Diagnosis of atrial fibrillation

To diagnose AF you can perform the following tests:


The only test needed to detect AF. It records the electrical activity of the heart and is a simple
and painless test. Its only drawback is that the FA has to be presented at the time the test is performed,
so when the discomfort only appear punctually, the diagnosis can be complicated.

Other tests that are done to complete the evaluation:


It is based on an electrocardiogram that records the functioning of the heart during 24 or 48 hours,
while performing the usual activities.
This allows detecting episodes of AF of short duration, or that do not provoke symptoms.

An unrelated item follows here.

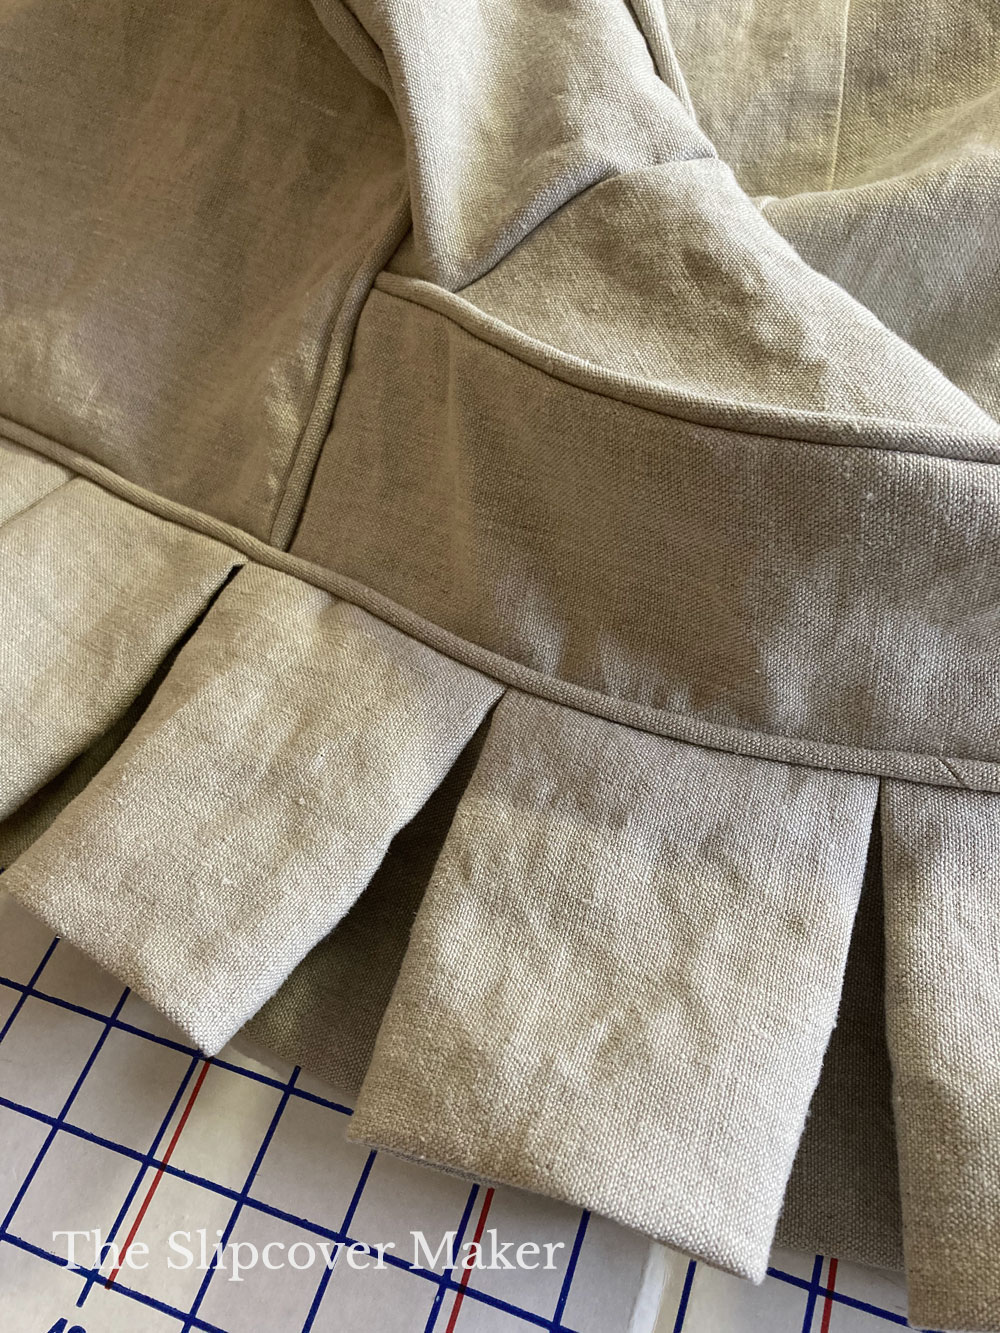 5 Pleated Slipcover Skirt Designs + Lining Tips

A painless scan that allows images of the heart to be obtained in order to evaluate its shape,
the state of the valves, atria and ventricles and their functioning. It also helps detect many
of the heart diseases that can cause AF.

Treatment of atrial fibrillation

Treatment depends on the severity and frequency of the symptoms and the existence or not of
associated cardiovascular disease. Its objective is to try to restore the normal rhythm of the heart (sinus rhythm):

  • Cardioversion:Procedure to correct the arrhythmia and restore the normal rhythm of the heart. It can be done through antiarrhythmic drugs ( pharmacological cardioversion ) or, if they do not take effect, by electric shocks with a defibrillator ( electrical cardioversion ).
    This last procedure requires general anesthesia and the taking of anticoagulant drugs before and after its application.
  • Correct the situations that cause this arrhythmia and control the risk factors.
  • Ablation:Technique that consists of electrically isolating the pulmonary veins (where the arrhythmia is born). To reach them, a catheter is inserted
    through the groin area (femoral vein) to the heart. Once there, an electric current is generated that allows consecutive burns around
    the pulmonary veins, being isolated or disconnected. It is done with local anesthesia and sedation.
  • Antiarrhythmic Drugs:They are classified into two types: those that try to return the heart to its normal rhythm and those that decrease the heart rate
    during episodes of arrhythmia. Its use is limited, due to its intermediate efficacy, the worsening of the arrhythmia or toxicity and its tolerability. They can have side effects: too slow heart rate, fatigue, dizziness and / or loss of consciousness.

In addition to the treatments aimed at correcting the arrhythmia, the treatment of AF includes treatments focused
on the prevention of thrombi, since AF increases between 5 and 7 times the risk of suffering a stroke or embolism.

  • Anticoagulant drugs. They prevent the formation of clots and reduce the risk of thrombi forming inside the blood vessels, slowing down the blood’s clotting time. There are two types of oral anticoagulants:
    • Antivitamin K (AVK). They inhibit vitamin K, a substance involved in the coagulation process. Its effect can be altered by the diet and by the interaction with other medicines, for this reason periodic controls should be carried out every 4-6 weeks and adjust the dose depending on the result of the INR. The INR is the index that indicates the time it takes blood to clot.
    • Direct Oral Anticoagulants (ACODs). They directly inhibit different coagulation factors. They are administered at fixed doses, without the need for periodic controls, as their effect is predictable and constant.